Lyell: And just another thing too. This goes back to the Delaware case. I didn’t quite realize just how important the Delaware case was until I began looking on websites and discovering that as we talked about at the Clubhouse discussion Greg, and of course, you know this. Instead of Kerr and Tweedy sinking into obscurity because of all the shame they brought on the University of Delaware, among the administrative professionals of which there are around more than 20,000 they were sort of heroes. Why because they had as she and Tweedy put it in that 2017 retrospective again and again we are now educators.

That is, she developed this “curricular model” for college administrators which allowed them to, at least according to her, begin delivering their own curriculum on the administrative side. So, for example, many schools began having, and Lewis & Clark as well, orientation sessions that would last a full semester. That is, you’d have a weekly or bi-weekly or once a month, twice a month and this was fairly regular. I don’t know if they’ve dropped off now, but it’s fairly common. And I wouldn’t put it this way were it not for the fact that Tweedy and Kerr in that essay put it this way themselves.

They don’t talk in that essay about how much this is helping students. What they insist on is how great it is to be educators. So, what this allowed for, it was a foot in the door, and it allowed for administrators to then be taking on or imagining themselves as people who had as much right to be educating students as anybody else on campus. And to this day, I think still have them.

Nico: And that’s Kathleen Kerr and James Tweedy and I think it’s important that we give our listeners because we’re talking about a Delaware program that is at this point what 14 years old. This a program you call the curricular model in which her and Tweedy tried to introduce education I guess as part of their role as administrators. Whatever you want to call it. Let me run through some of what they did, and you can describe the program to me.

As part of this program students were questioned by their RAs about their political views on controversial topics. They were asked about their sexual identities and whether they would date people from different ethnic groups. One program required students to stuff marshmallows in their mouths rendering them speechless in proportion to their lack of privilege. The more privilege the fewer marshmallows and therefore the easier it was to speak. Groups of students were asked to list on posters the stereotypical characteristics associated with Blacks, Hispanics, Asians and Jews, thus exciting animosities while extensively ameliorating them.

Administrators unselfconsciously referred to lesson plans as treatments and interventions and they dictated “learning outcomes.” Each student will learn about the forms of oppression. This is from the program. Each student will learn about the forms of oppression linked with each identity group. Each student will learn that systemic oppression exists in our society. Each student will learn the benefits of dismantling systems of oppression. So, let’s provide a little bit more context to provide this program.

Greg: Yeah, I need to talk about this because I was very candid about this. This was the program that really hit me very personally because it was so nuts and it was covered so poorly, in my opinion, in the media but it basically like when I started FIRE in 2001, I would hear a lot from conservatives about brainwashing programs on campus and I saw ones that were heavy handed but nothing that I thought was really over the top. Then we find out about this case at the University of Delaware because parents are saying, “My son attended a session where they took all the materials back at the end of the session.” And I was like what’s that about?

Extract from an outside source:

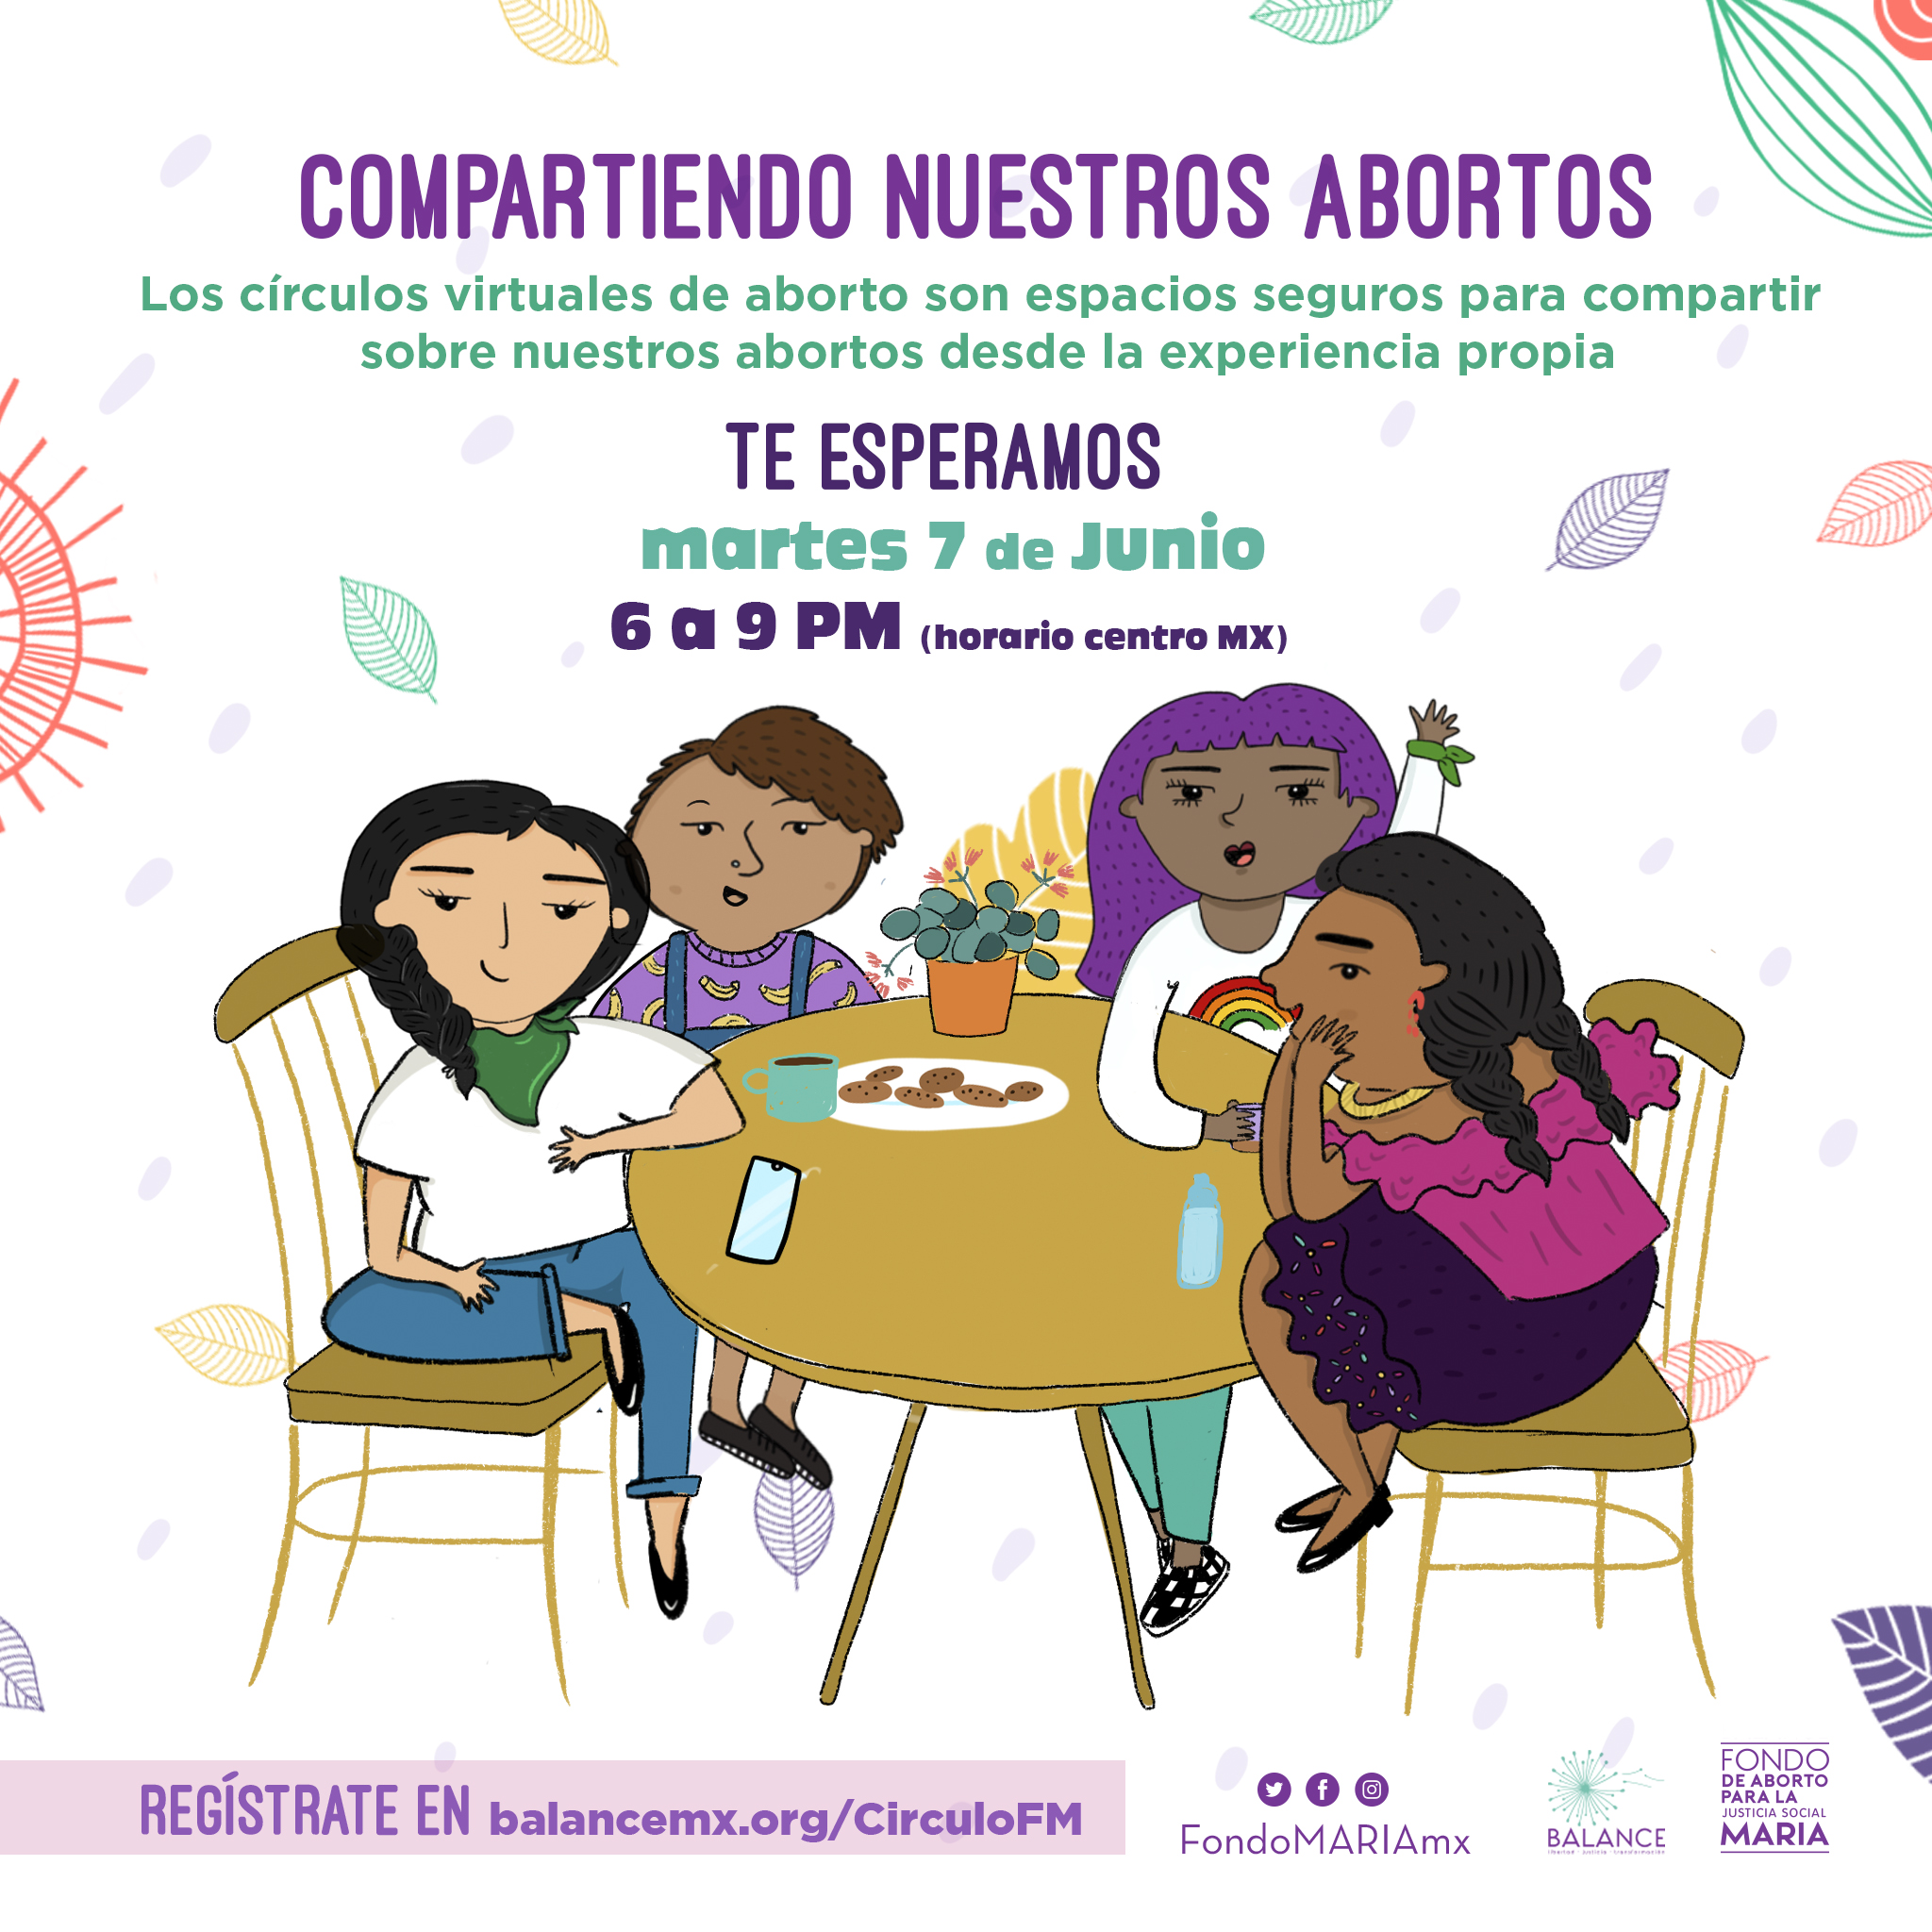 Cartel que dice Compartiendo nuestros abortos, los círculos virtuales de aborto son espacios seguros para compartir sobre nuestros abortos desde la experiencia propia. Te esperamos martes 7 de junio, 6 a 9 pm, horario centro de México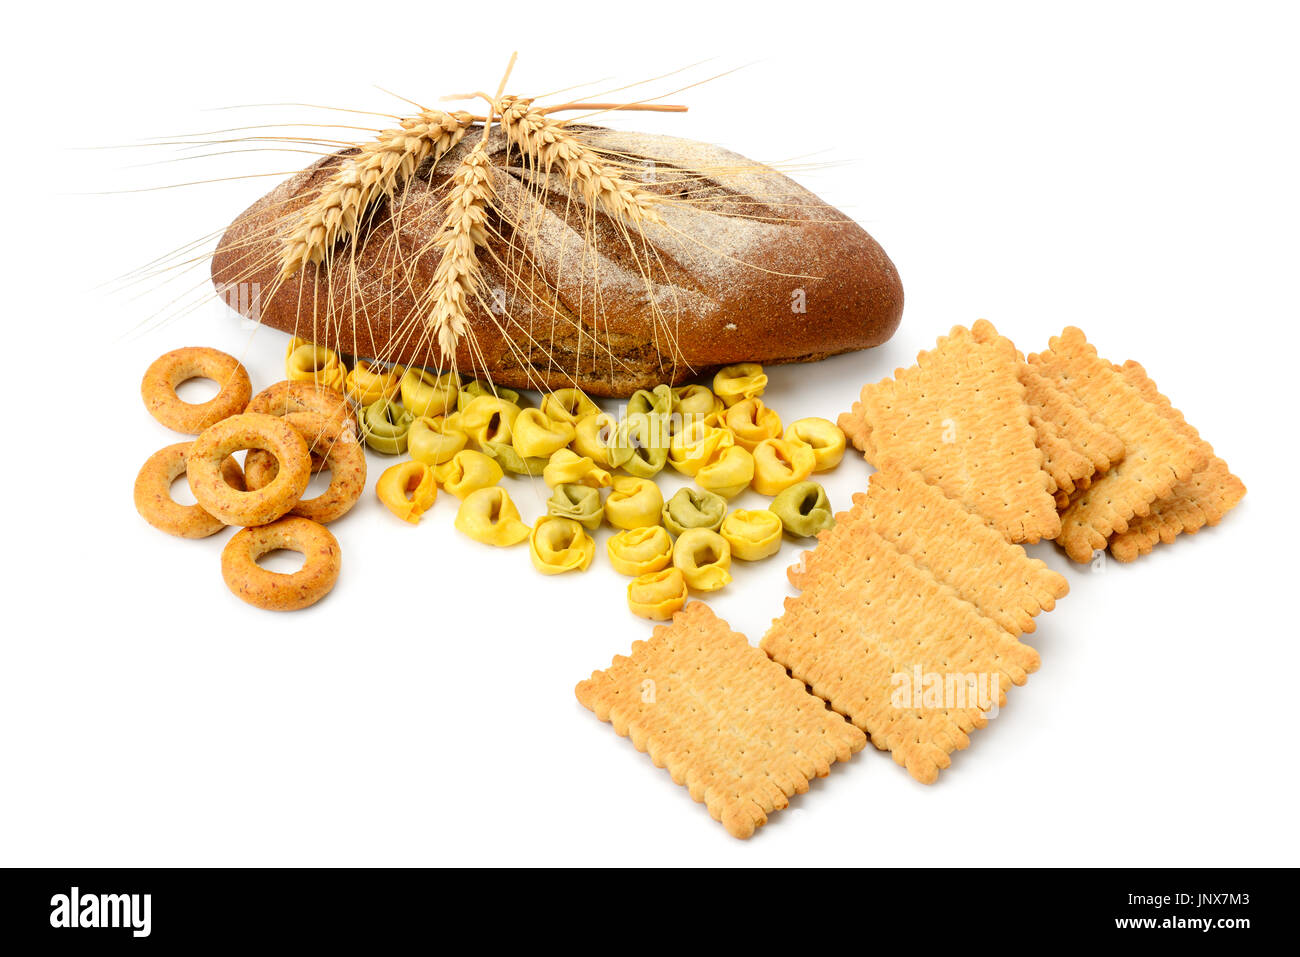 Weizen-Produkte isoliert auf weißem Hintergrund. Cookies, Ravioli, Bagels,  Brot, Ähren. Gesunde Ernährung Stockfotografie - Alamy

So, we really started looking into it and we got 400 pages of information and it just got worse and worse and it was incredibly heavy handed brainwashing program to essentially make people I guess less racist to be more interested in sustainability to get them to take on every specific political points of view, unlike anything I’d ever seen. There was a speech code involved. And these one-on-one sessions that RAs were forced to have with their students they were one-on-one. Like one student talking to a student in the room and one of the most amazing things that happened, there was a female student being questioned by her male RA, when did you discover your sexual identity?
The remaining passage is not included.